Closed leonhardhennig closed 2 years ago
I uploaded the original datasets on the GPU cluster. The test split in KnowledgeNet does not contain facts, i.e. only the train split is fully annotated.
@leonhardhennig
DOCRED: filter to only include sentences? (I agree that mixing datasets with document-level vs sentence- level relations is probably not a good idea.)
Does this mean that we only include examples, where the head and tail entity are in the same sentence? The evidence field should probably only contain one sentence id then. In the example in the paper we would only use the first relation example and discard the second example.
@leonhardhennig
1. Are there any guidelines for the naming of the relations? Or is there a starter set for the PLASS relation type set? I'm trying to figure out how to construct the unified relation type set and the mapping from the different datasets.
I'd start with TACRED, and the Knowledge Net mappings you already have. I checked all relations and their types here: https://www.overleaf.com/9545956456ysgmbxxrsxfv - if you can make sense of my notation, this might be a start for the mapping. E.g. for Docred, the section "covered in TACRED/KNET"
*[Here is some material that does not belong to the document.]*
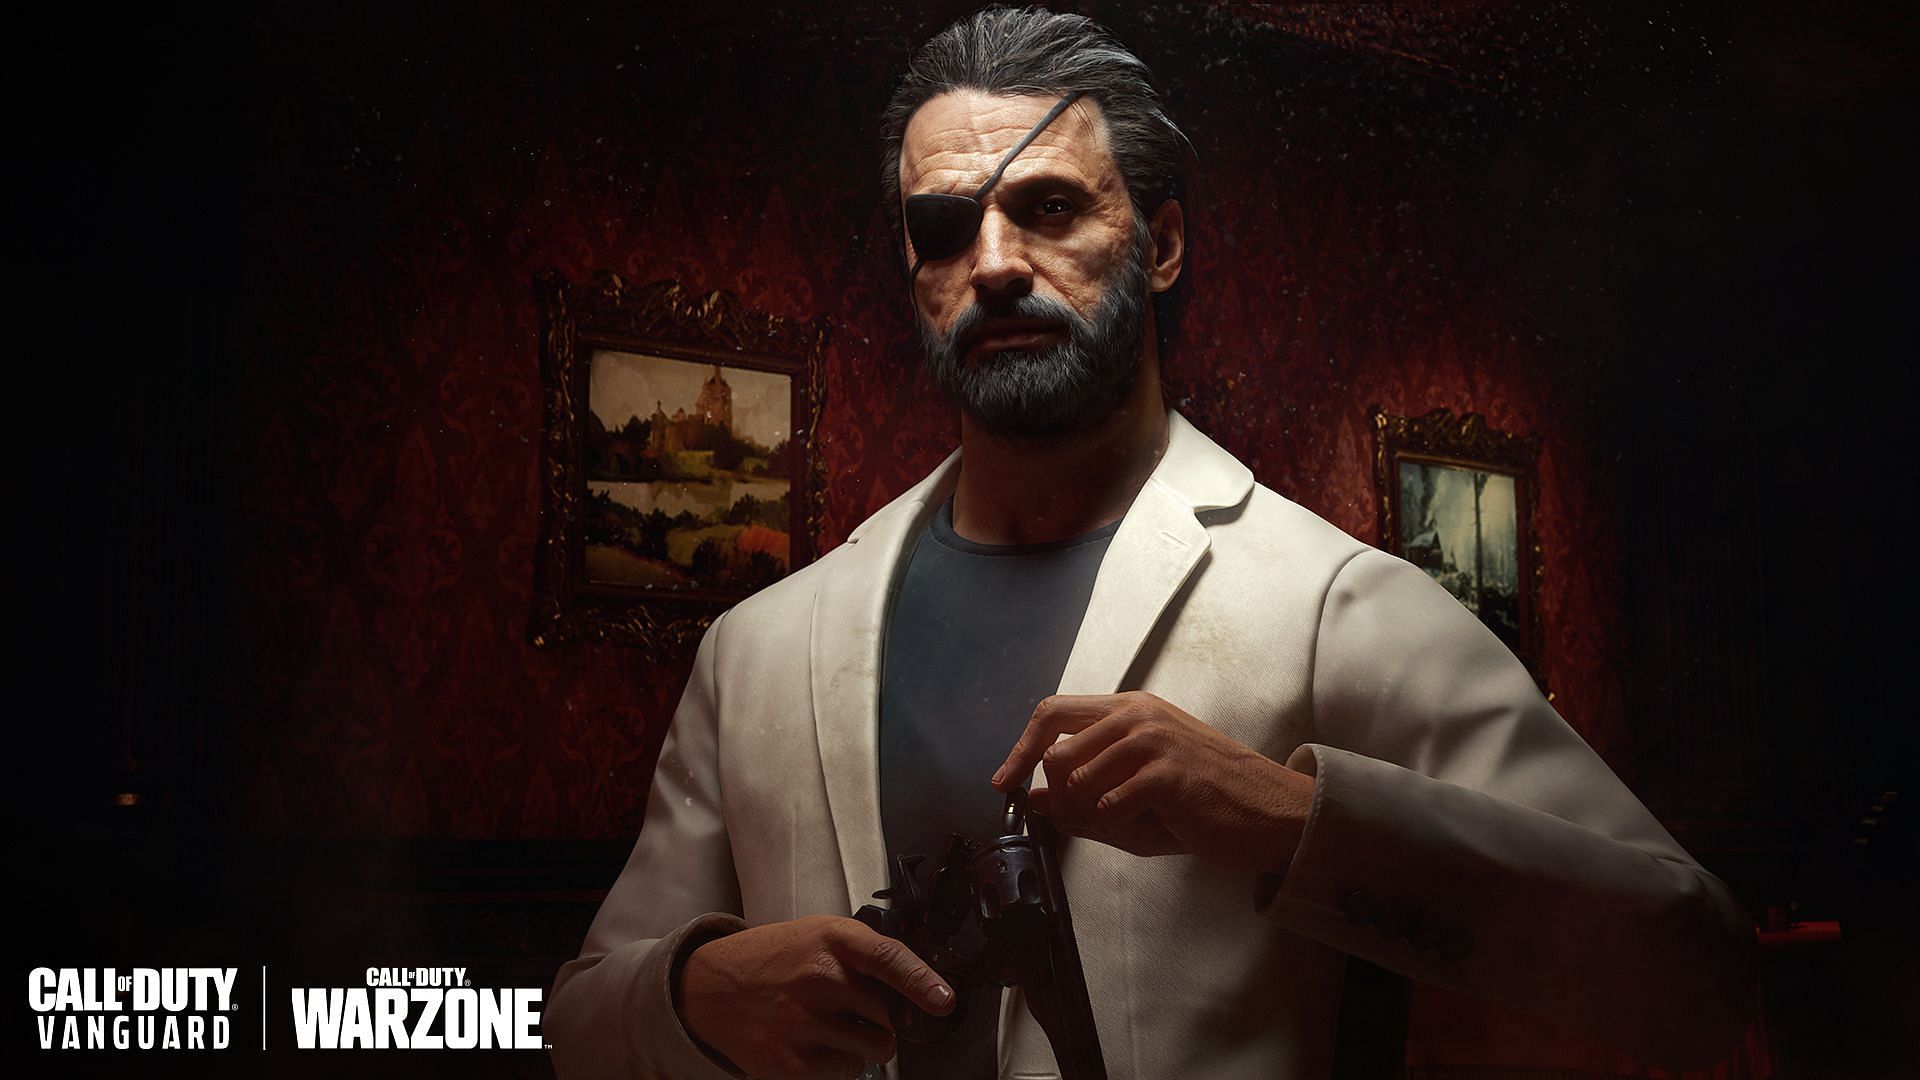 Raul Menendez arrives with his legendary classy look (Image via Activision)

2. It probably makes sense to use the TACRED format for the "unionized" dataset right?
yes (either the original json or the "dfki" jsonl version which is a bit more efficient to read)
Does this mean that we only include examples, where the head and tail entity are in the same sentence?
yes, that was the idea, if there are any examples of that type
@phucdev @kikoucha one more request - if you haven't started a lot of training yet: The original TACRED dataset is quite 'mislabeled', and we actually did publish a patch for the test set - https://github.com/DFKI-NLP/tacrev#-patch-the-original-tacred . Is there still time to integrate this? Sorry that I forgot to put this in the issue earlier. The patched version could maybe be stored on the GPU cluster as well, e.g. in koeln:/ds/text/tacred/patched_tacrev ?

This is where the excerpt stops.